L’attuale disagio esistenziale proviene da lontano, come dimostra la dilatazione del disagio nella società, con l’aumento esponenziale dei disturbi psicologici e psichiatrici.
Il disagio sociale si manifesta e si espande a livello digitale ed ha marcati risvolti politici. Gli esempi sono numerosi come evidenziano gli esiti delle controverse primavere arabe, i tentativi di condizionamento elettorale in numerose nazioni, le rivelazioni di Wikileaks che dimostrano lo scarto tra dichiarazioni ufficiali dei governi e comportamenti reali, il terrorismo che viene amplificato dalla Rete come conferma il caso dell’Isis, il protagonismo della criminalità nel web con i crescenti crimini informatici.
Occorre, pertanto, un sistema che tuteli il diritto dei cittadini alla sicurezza, concetto ampio che comprende non solo la sicurezza fisica intesa come controllo dei confini, ma anche quella ambientale, sociale, alimentare e sanitaria. In tale scenario l’attività di intelligence orientata alla sicurezza diventa ancora più rilevante.
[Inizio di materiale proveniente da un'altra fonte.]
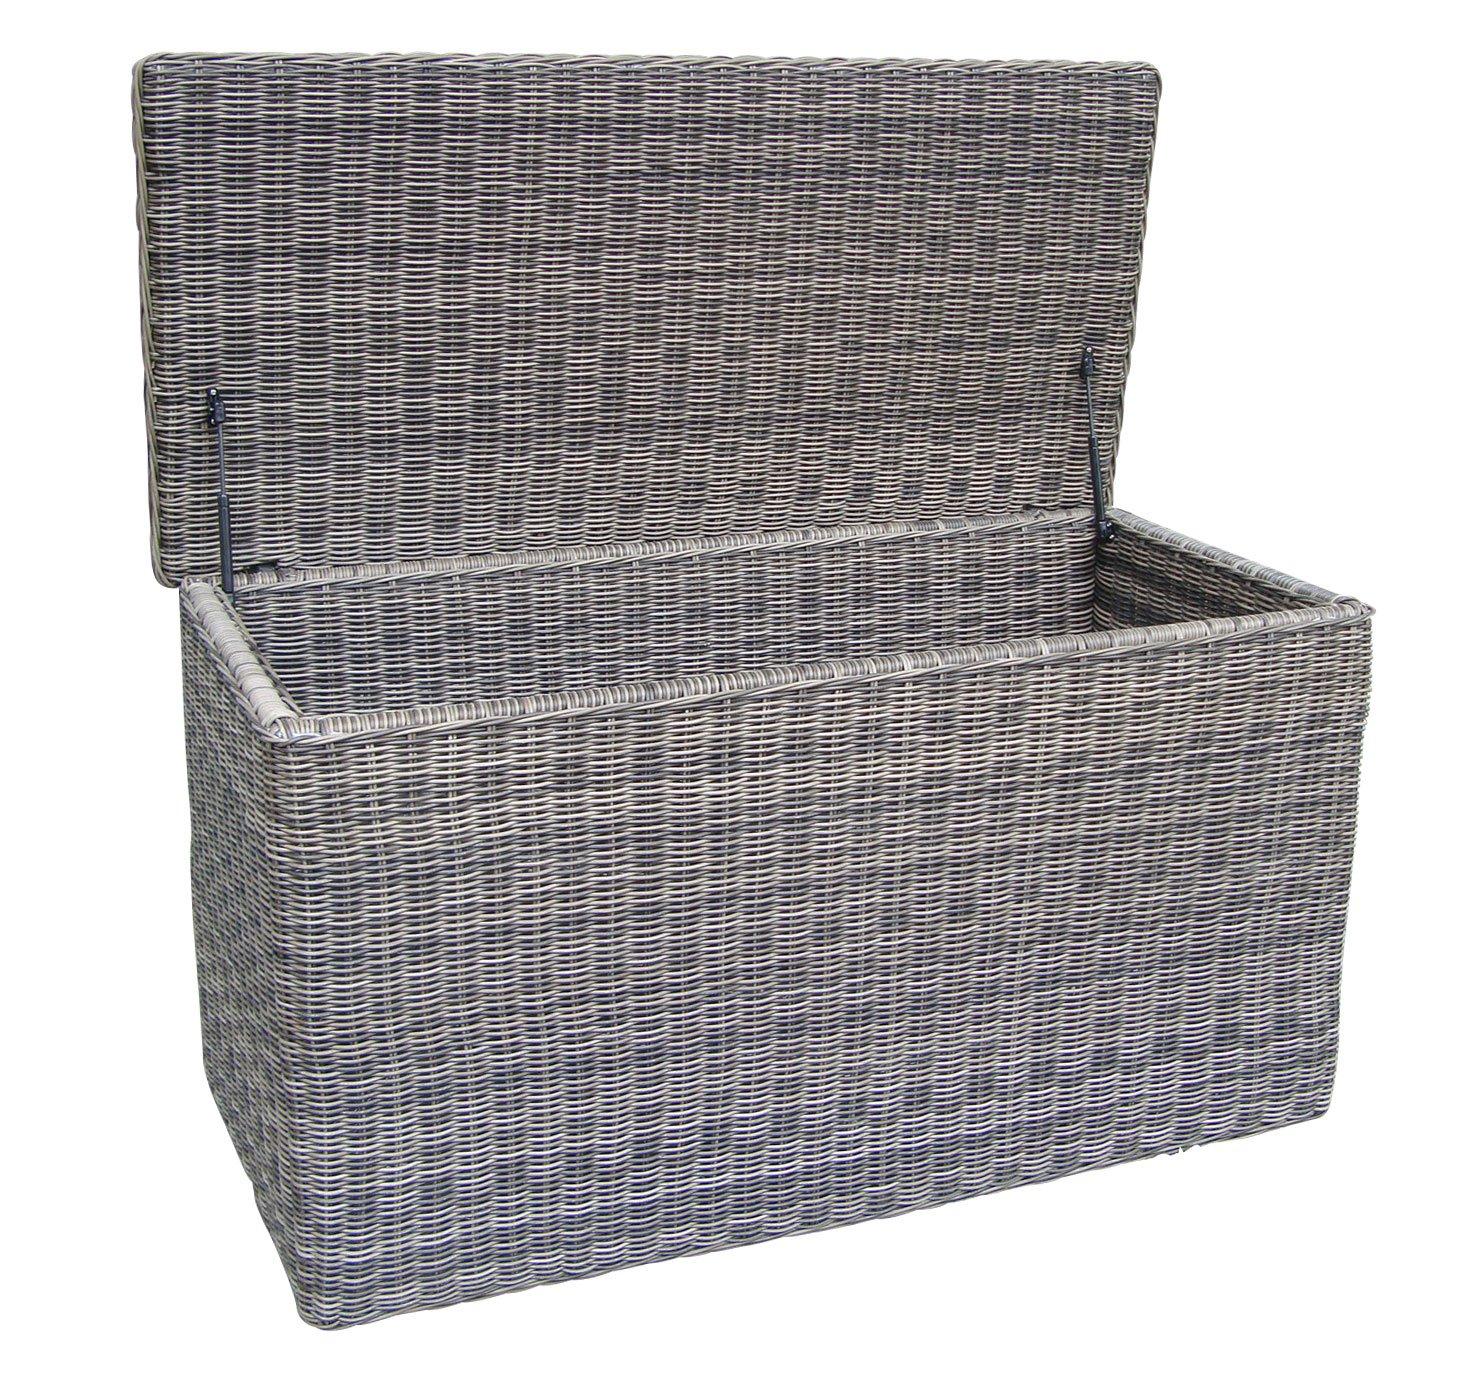 Baidani Gartenmöbel-Sets 10a00023 Designer Kissenbox Ronde, braun ...

Esaminando il contesto italiano, va ricordato che un giovane su quattro tra i 15 e i 29 anni non studia e non lavora, comportando un costo annuo per la collettività nazionale di circa 36 miliardi di euro.
Inoltre, prima della pandemia più di un quinto dei nostri connazionali aveva difficoltà a pagare le spese mediche e più di cinque milioni e mezzo, negli ultimi tre anni, si sono indebitati per pagare le spese sanitarie. Tali indicatori evidenziano un malessere economico profondo. A questo si deve aggiungere la disoccupazione giovanile, molto elevata nelle regioni meridionali, che alimenta le mafie.
La prevalente dimensione digitale comporta, quindi, la necessità di una cyber education che deve essere intesa come un insieme di saperi da insegnare obbligatoriamente nelle scuole, poiché, come ricordava Robert David Steele, “la forza maggiore di una nazione è rappresentata da una cittadinanza istruita”.
In un certo senso, il disagio sociale si potrebbe considerare il paradigma interpretativo della realtà contemporanea, in quanto costituisce la manifestazione più evidente della crescente disuguaglianza globale. Pertanto, se il disagio sociale diventasse fuori controllo diventerebbe un problema fondamentale di sicurezza nazionale, in quanto determinerebbe gravi ripercussioni sulla credibilità e sulla stabilità delle istituzioni. E tutto questo richiede la necessaria attività preventiva dell’intelligence.
Molto dipenderà dal reale impatto delle misure del Pnrr, augurando che non si risolva in propaganda e distrazione di massa, perché invece rappresenta l’occasione per realizzare interventi concreti e strutturali, soprattutto nelle regioni meridionali.